The short white-ball trip that was meant to pit Afghanistan against Sri Lanka in the United Arab Emirates from 13-25 March is, for now, off the table. With the fighting in West Asia spilling over into air routes and day-to-day logistics, both boards have privately accepted that staging six matches in Sharjah and Dubai is no longer workable.
Neither the Afghanistan Cricket Board (ACB) nor Sri Lanka Cricket (SLC) has yet pushed out a formal statement, but officials on both sides have conceded, in the usual guarded way, that “the risk is simply too high”. Shifting the games to another neutral venue has been floated, though the calendar, travel restrictions and late notice make that solution unlikely.
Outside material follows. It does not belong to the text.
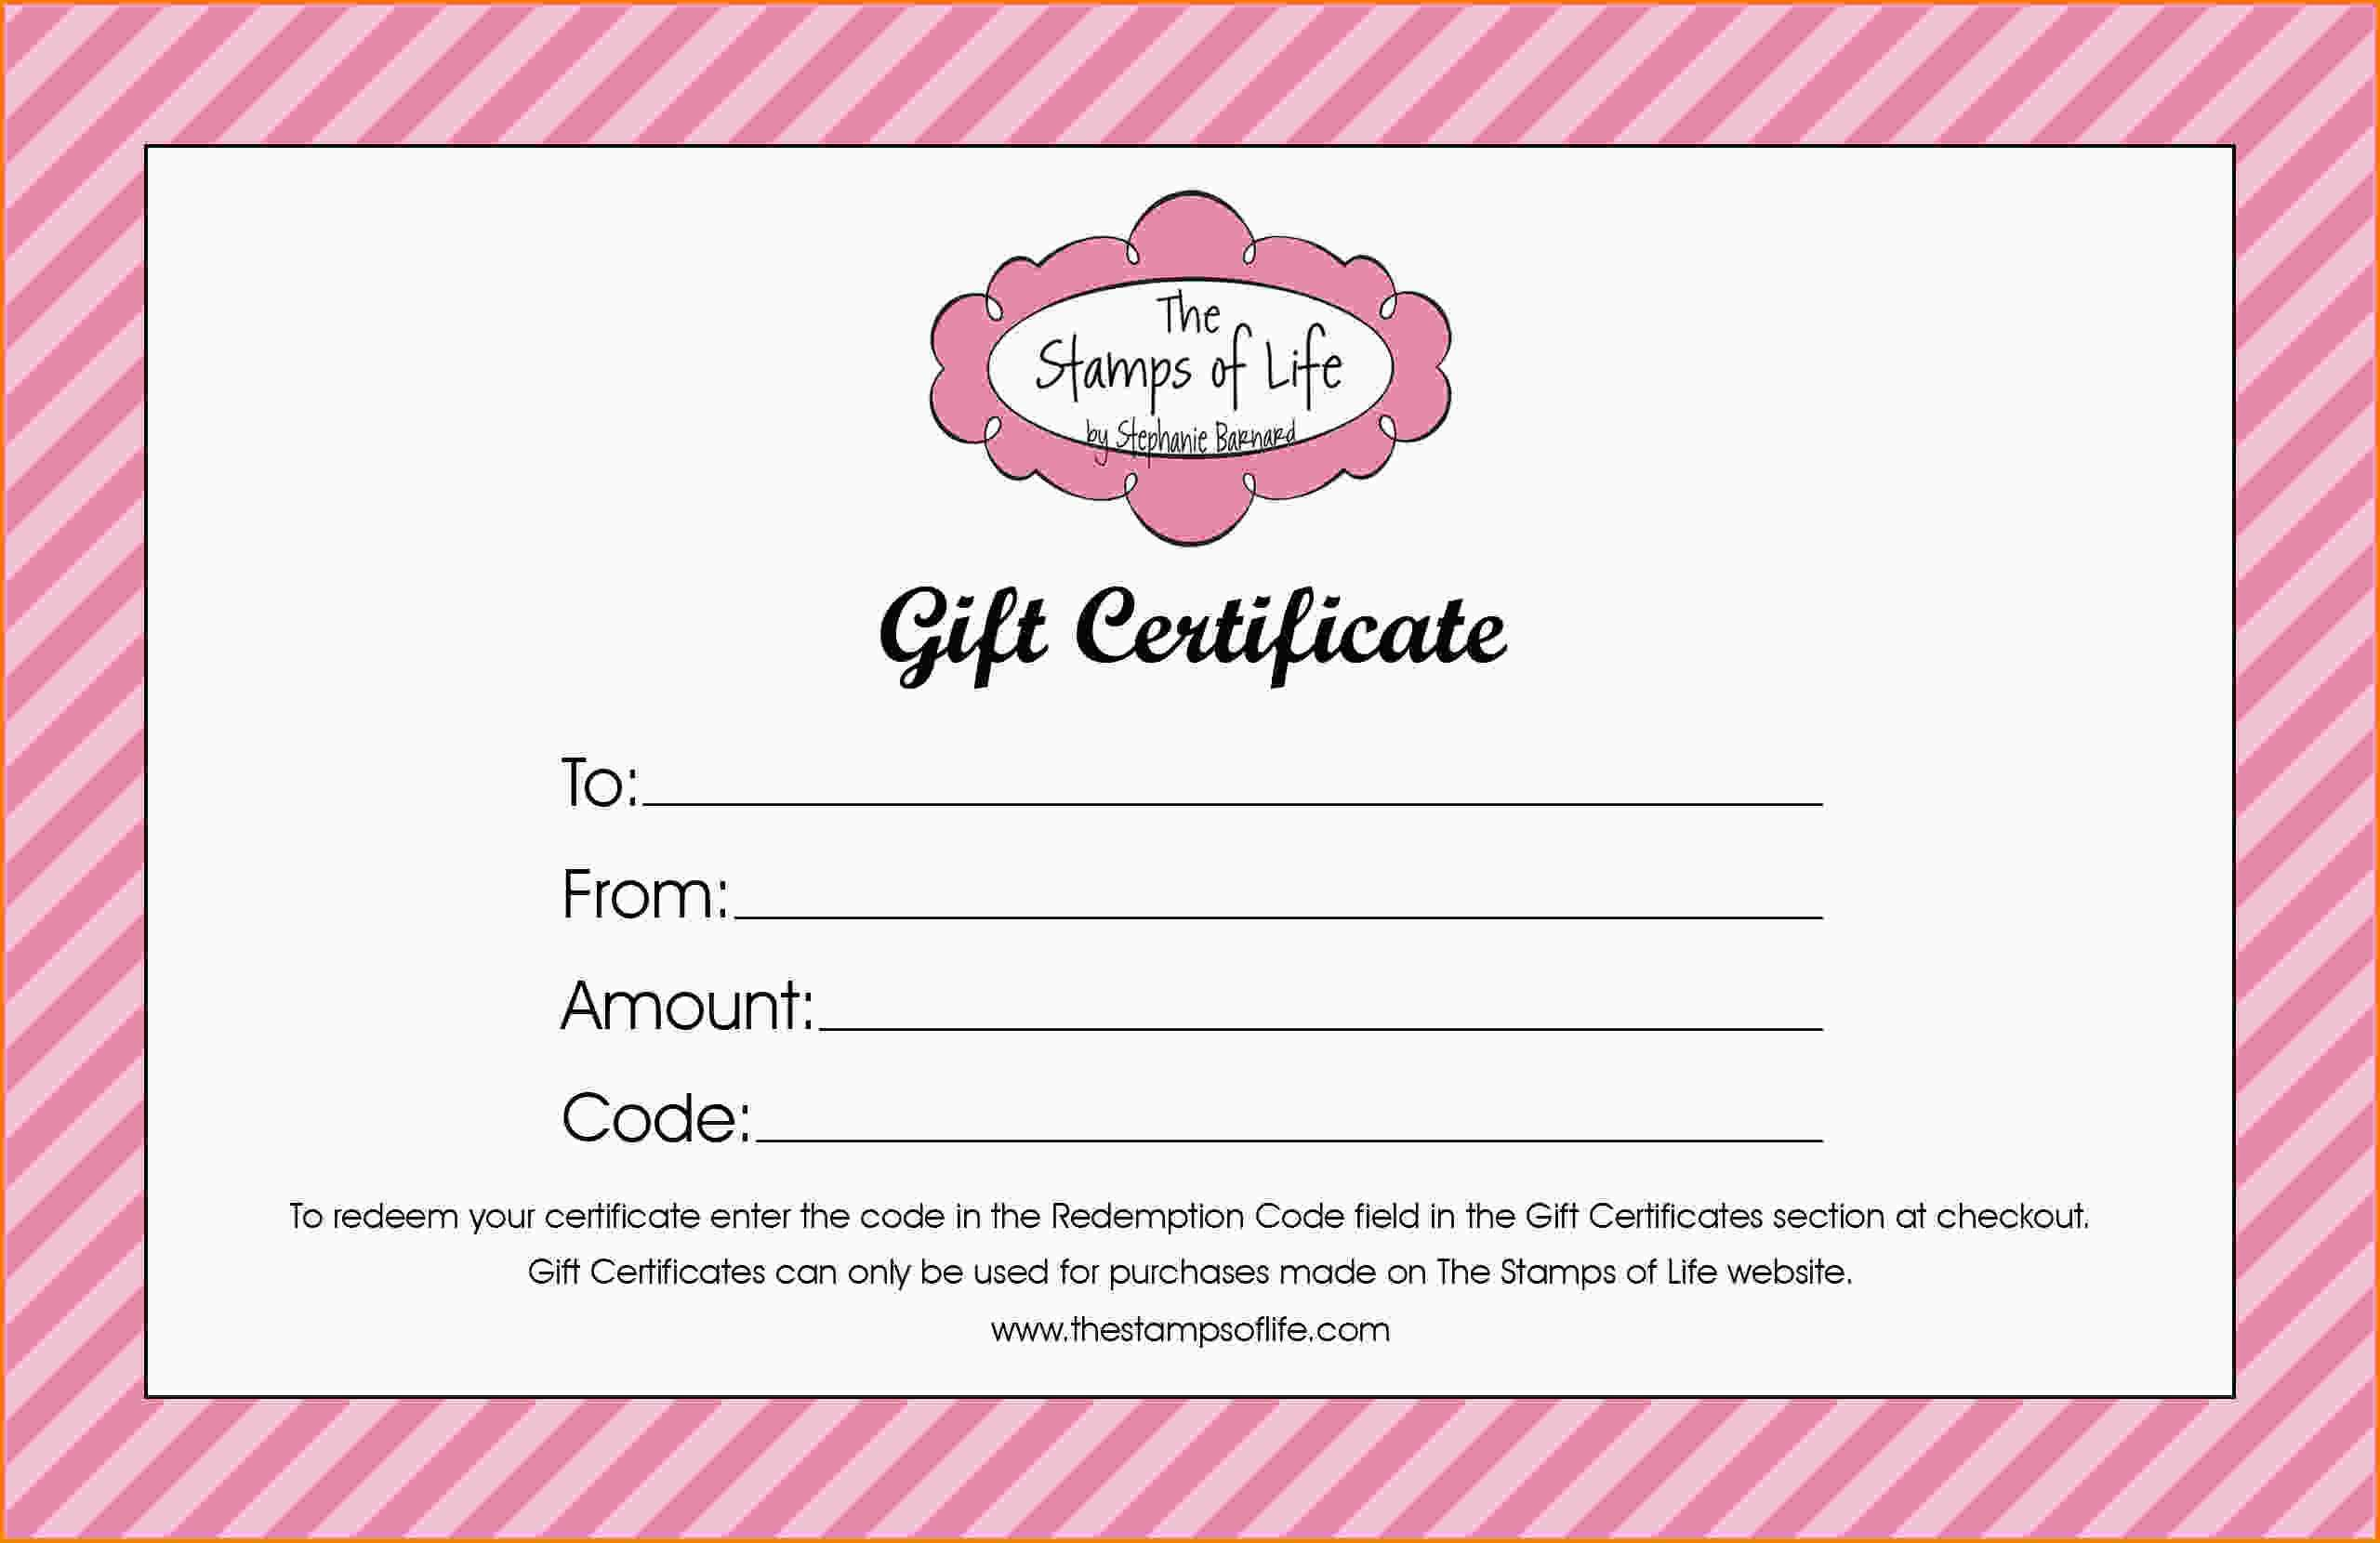 Print Gift Vouchers Online Free - Colona.rsd7 For Nail Gift Certificate Template Free

The itinerary looked straightforward enough a fortnight ago: three T20Is in Sharjah on 13, 15 and 17 March, followed by ODIs in Dubai on 20, 22 and 25 March. It would also have doubled as a first outing for Afghanistan under new captain Ibrahim Zadran, who has taken the white-ball reins from Rashid Khan after their early World Cup exit.
Instead, the series joins a growing list of fixtures disrupted by the regional crisis. Six ICC Men’s Cricket World Cup League 2 matches in Nepal, featuring Oman, UAE and the hosts, were scrubbed last week. Teams exiting the men’s T20 World Cup have encountered similar headaches: West Indies and South Africa spent days stuck in Kolkata until air corridors finally opened on Sunday for a Tuesday departure.
The immediate financial hit for both boards is manageable, insiders insist, but the cricketing cost is harder to pin down. Afghanistan need game-time under a new skipper; Sri Lanka are still piecing together a post-World-Cup plan of their own. Rescheduling later in the year sounds tidy on paper yet squeezes an already busy international roster.
For now, coaches and players can only wait. The hope is that a quieter window appears soon, though no one is putting a date on it – a reminder that, every so often, cricket is forced to take its place in a queue behind larger, grimmer realities.